▶ _WHAT THE TASK ASKS_
Word for word, retype the lines from the one containing "06.nov.2013 Cercado por" to the one containing "Kukkapuska, 2014, Pigmenttiprintti" below, keeping both end lines and dropping the pictures.

▶ _EXERCISE INPUTS_

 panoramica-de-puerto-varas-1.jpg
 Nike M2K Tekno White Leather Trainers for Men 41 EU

---

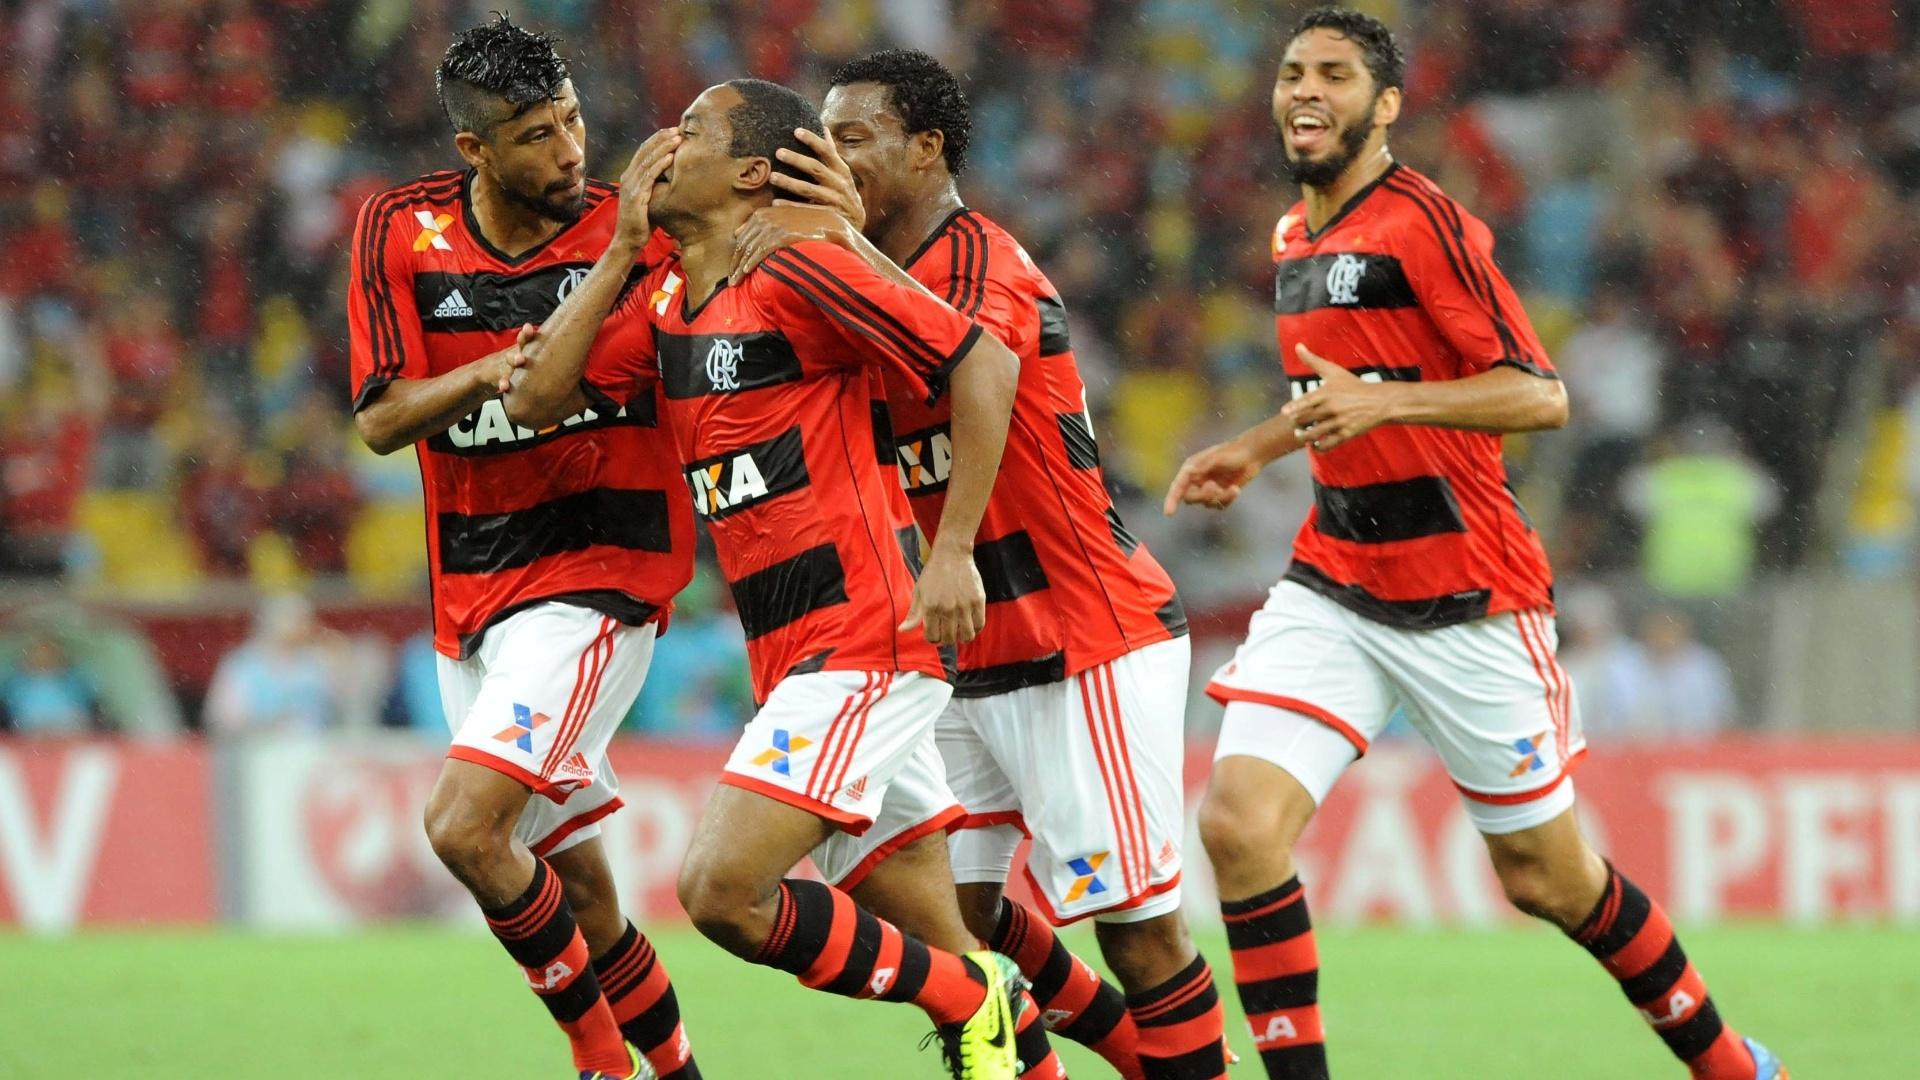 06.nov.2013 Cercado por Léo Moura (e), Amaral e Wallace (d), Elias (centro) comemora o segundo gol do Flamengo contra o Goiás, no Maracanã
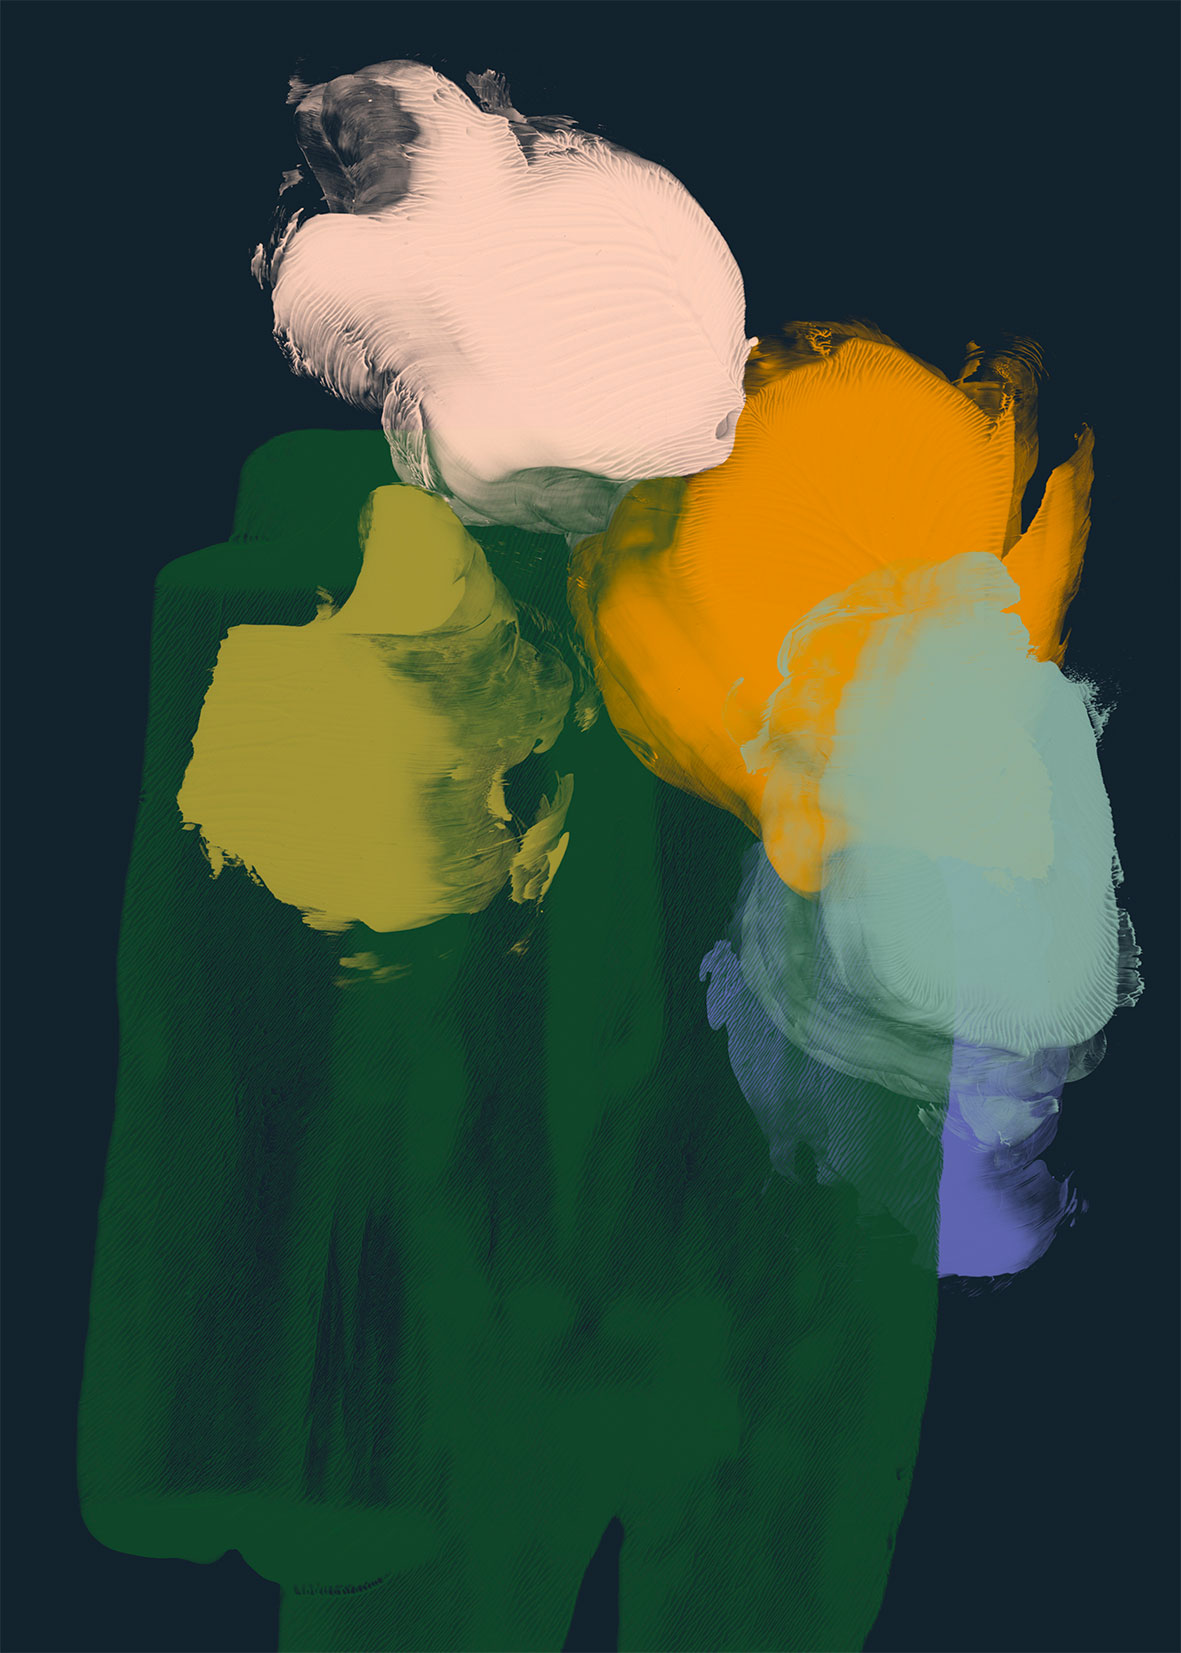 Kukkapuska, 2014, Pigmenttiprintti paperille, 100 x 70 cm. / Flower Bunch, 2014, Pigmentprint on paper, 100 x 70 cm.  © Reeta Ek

▶ _REPLY_
 06.nov.2013 Cercado por Léo Moura (e), Amaral e Wallace (d), Elias (centro) comemora o segundo gol do Flamengo contra o Goiás, no Maracanã
 Kukkapuska, 2014, Pigmenttiprintti paperille, 100 x 70 cm. / Flower Bunch, 2014, Pigmentprint on paper, 100 x 70 cm.  © Reeta Ek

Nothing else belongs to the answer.